--- Task objective ---
Here the job is to repeat the listing exactly, but not the pictures in it.
───── Source data ─────
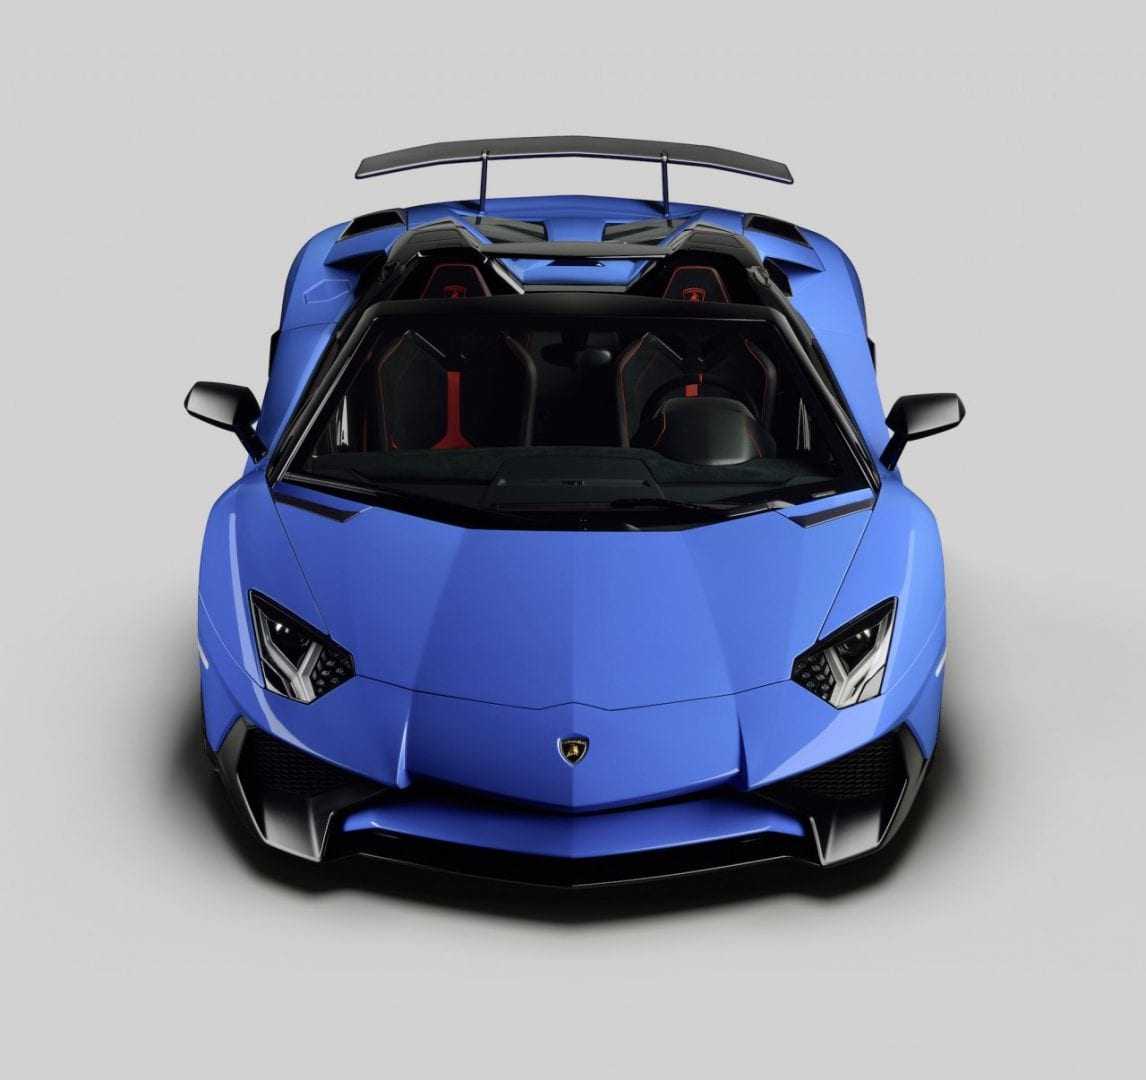 Lamborghini-Aventador-LP-750-4-Superveloce-Roadster
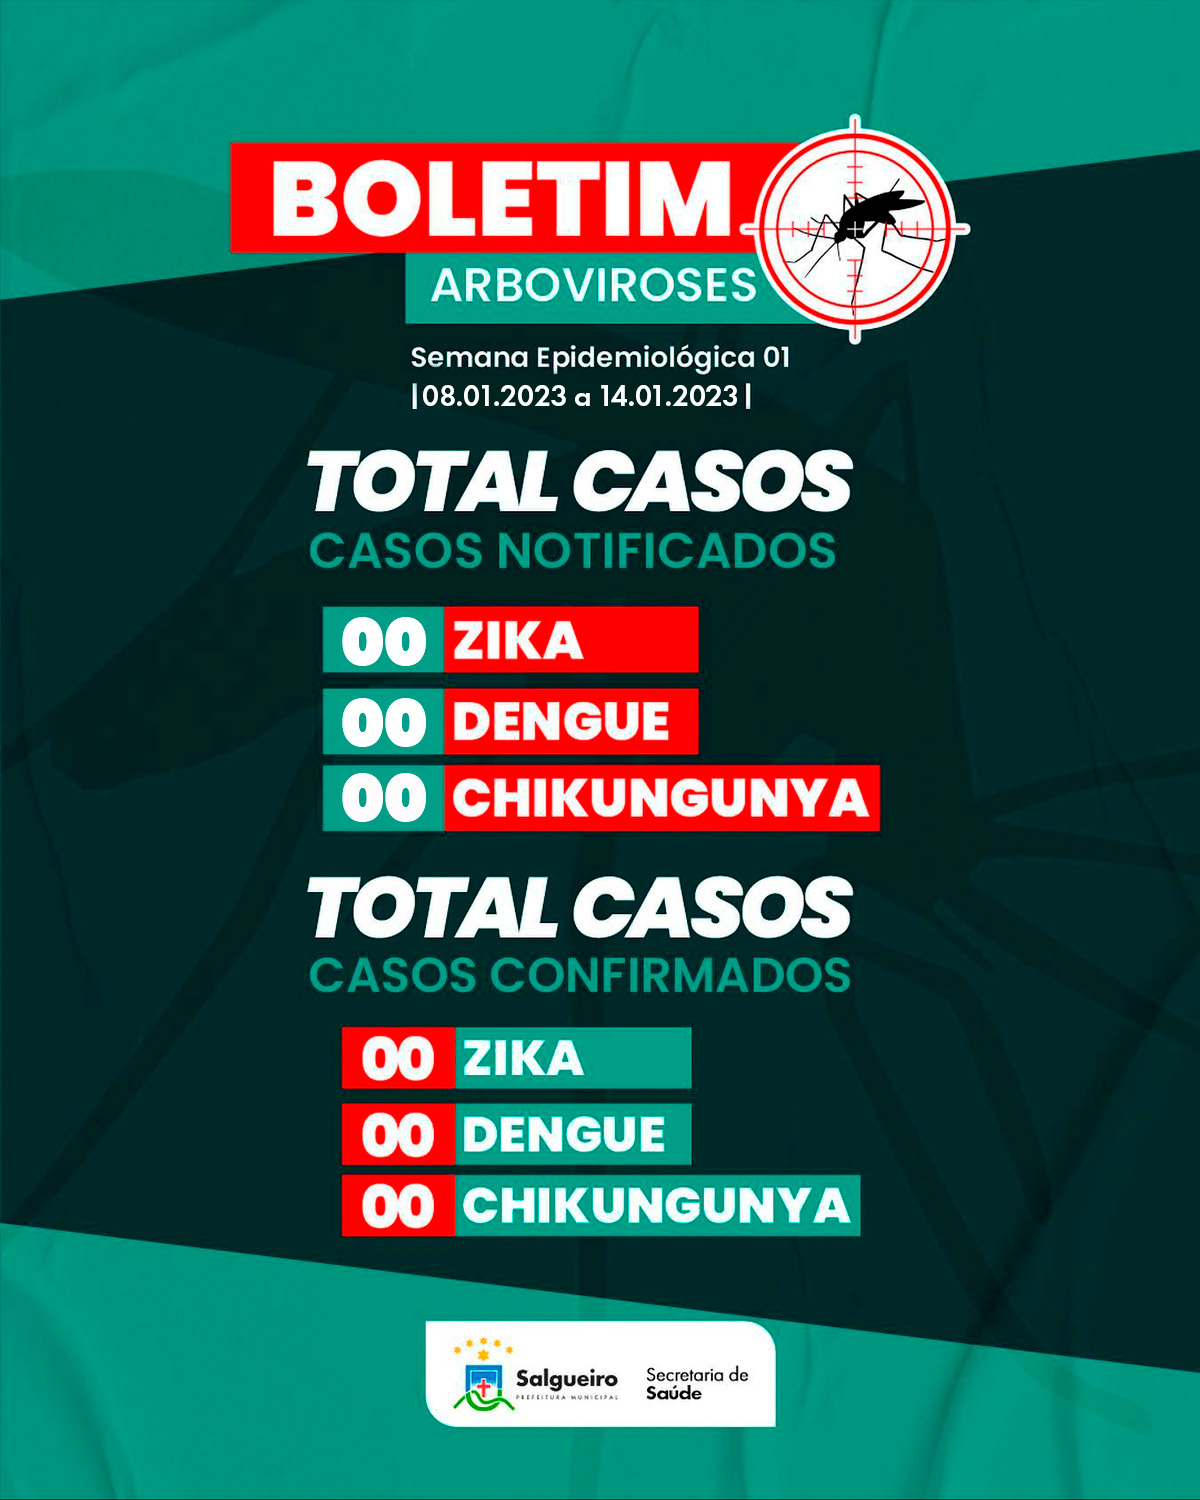 Boletim Arboviroses - Semana Epidemiológica 01 - 01.01 a 07.01.2023.
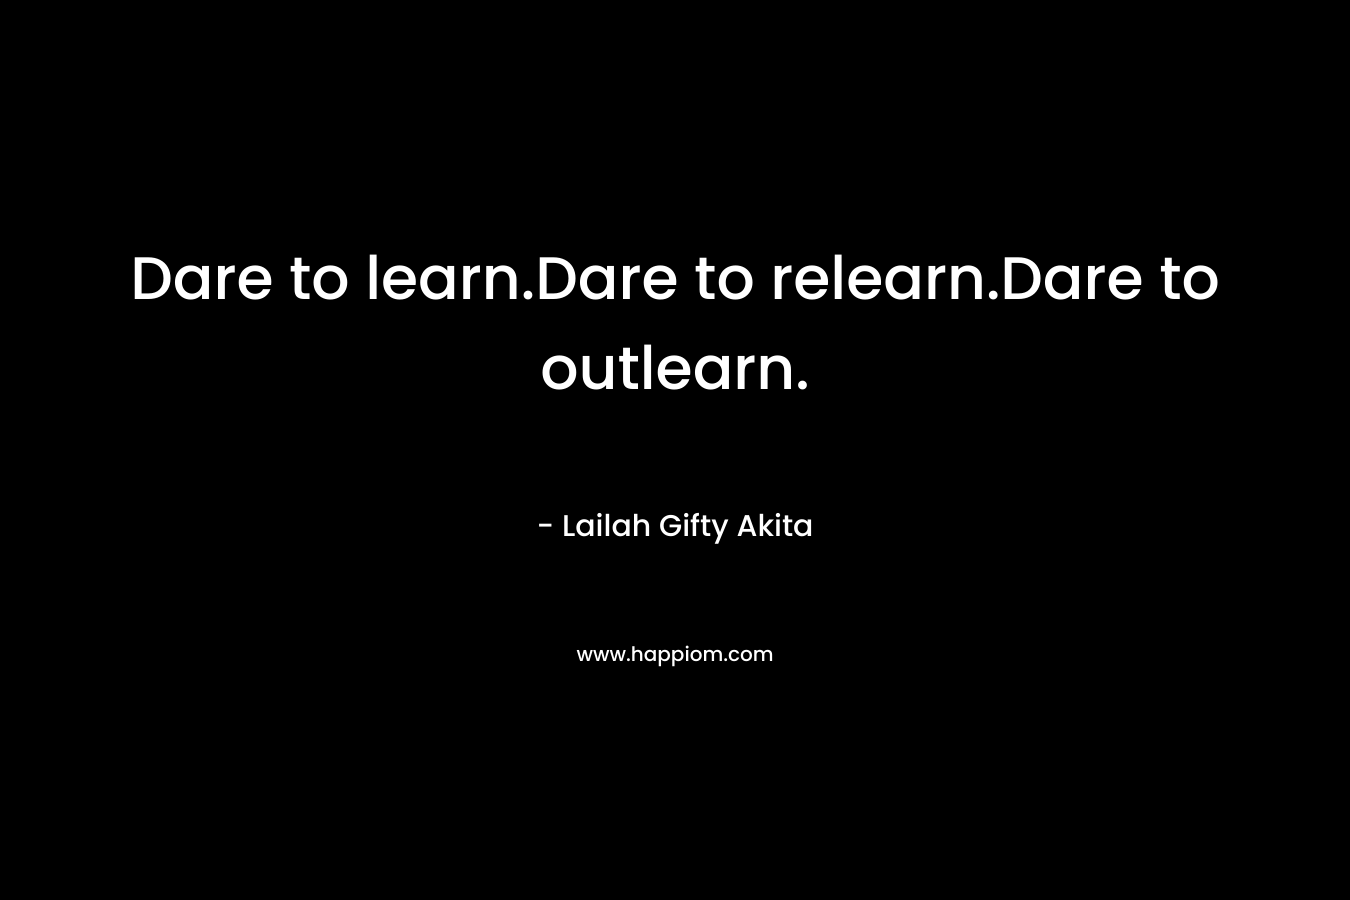 Dare to learn.Dare to relearn.Dare to outlearn.
─────
--- Response ---
 Lamborghini-Aventador-LP-750-4-Superveloce-Roadster
 Boletim Arboviroses - Semana Epidemiológica 01 - 01.01 a 07.01.2023.
 Dare to learn.Dare to relearn.Dare to outlearn.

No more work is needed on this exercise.